The acetic acid-induced writhing model induces the release of endogenous mediators such as histamine, serotonin, bradykinin, acetylcholine, substance P, and prostaglandins that are involved in both proinflammatory and peripheral pain mechanisms. This model of pain is, therefore, sensitive to the action of NSAIDs [43, 44]. For Agrimonia eupatoria, the results suggest analgesic properties through peripheral mechanisms. This fact is probably due to the anti-inflammatory potential of agrimony. As these two physiologic processes share many molecular mediators and mechanisms [14], in some cases, their inhibition is concomitant. Actually, this type of anti-inflammatory mechanism has already been described in another species within the same genus, Agrimonia pilosa [45, 46].

Regarding central analgesia, infusion and fraction of agrimony showed no antinociceptive activity, not increasing the animals’ reaction time on the hot plate. This supports the hypothesis above for the shared mechanism between analgesic and anti-inflammatory effects.

In the formalin test, the injection of formalin induces a biphasic pain reaction in mice, the early and the late phases [47]. The results are quantified as the time that the animals spend licking the paw [48]. The absence of antinociceptive effect of the AeI and AePF on early phase corroborates the above data, suggesting that its analgesic properties are not related to a modulation on the central nervous system. On the other hand, the reduction of the time spent licking on late phase supports the analgesia through peripheral mechanisms.

The ethyl acetate fractioning process allowed us to obtain a fraction with higher concentration of polyphenols.
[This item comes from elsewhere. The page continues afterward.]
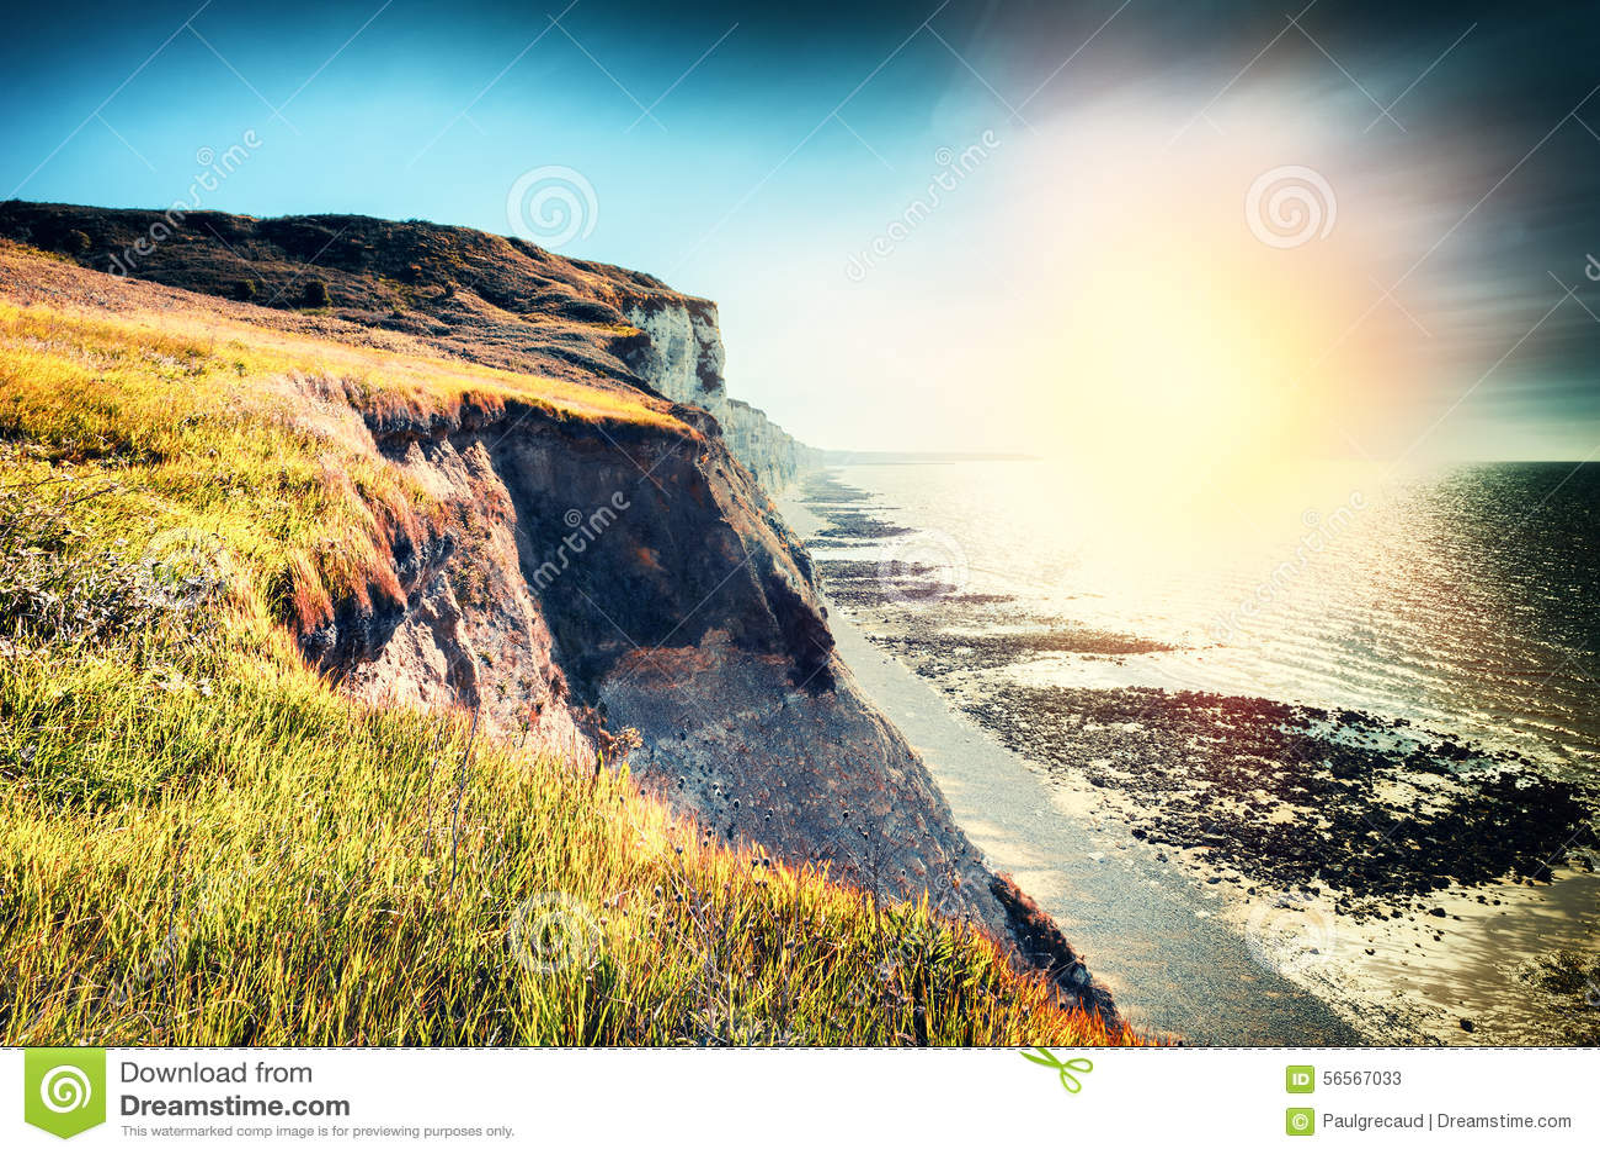 Download Τοπίο με τη δύσκολη ακτή της Βόρεια Θάλασσας Γαλλία Νορμανδία Στοκ Εικόνα - εικόνα από παράκτιος, βακκινίων: 56567033

The fact that there are no significant differences between the anti-inflammatory and analgesic effects of AeI and AePF when comparing their equivalent doses, that is, doses with the same concentration of the compounds that are common to AeI and AePF, suggests that the main compounds responsible for these activities are probably the polyphenols of this fraction.
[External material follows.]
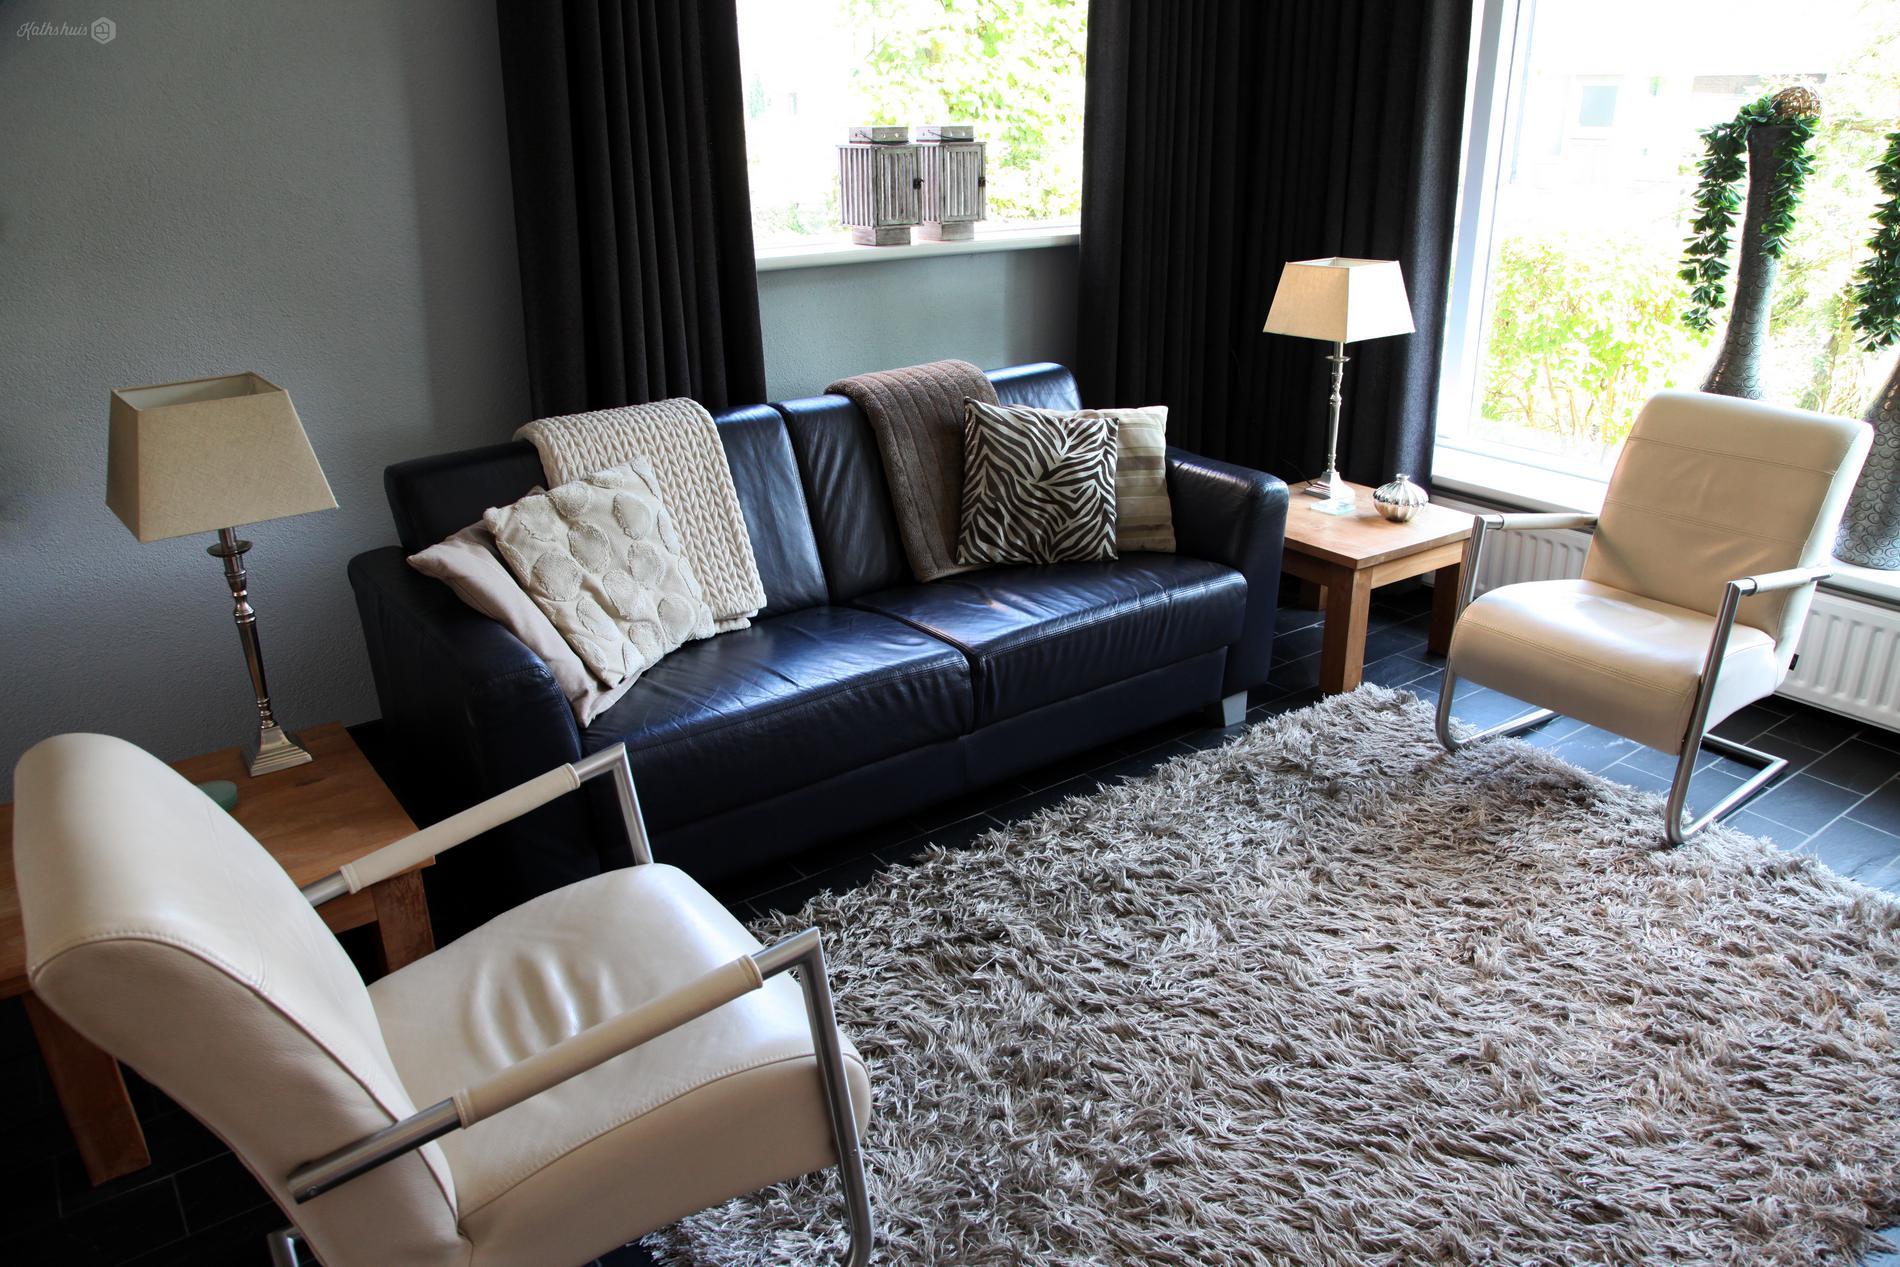 Slaapkamer muur kleur lichtblauw for Mezzanine in de woonkamer

There are no signs of toxicity in the liver or kidneys tissues, when comparing the histopathological images of the tissues obtained from the control animals with the ones treated with the infusion and its fraction. Although further studies about this subject are needed, this data suggest an absence of systemic toxic effects of the samples at concentrations with therapeutic potential.

4. Conclusions

Antioxidant, anti-inflammatory, and peripheral analgesic activities were observed for both the Agrimonia eupatoria infusion and/or its polyphenol-enriched fraction at nontoxic doses for the liver and the kidneys. The polyphenol-enriched fraction, essentially constituted by procyanidins and flavonoids, namely, quercetin, kaempferol, apigenin, and luteolin derivatives, was very active for all assays performed, leading to the conclusion that polyphenols have a very important role in these properties of Agrimonia eupatoria.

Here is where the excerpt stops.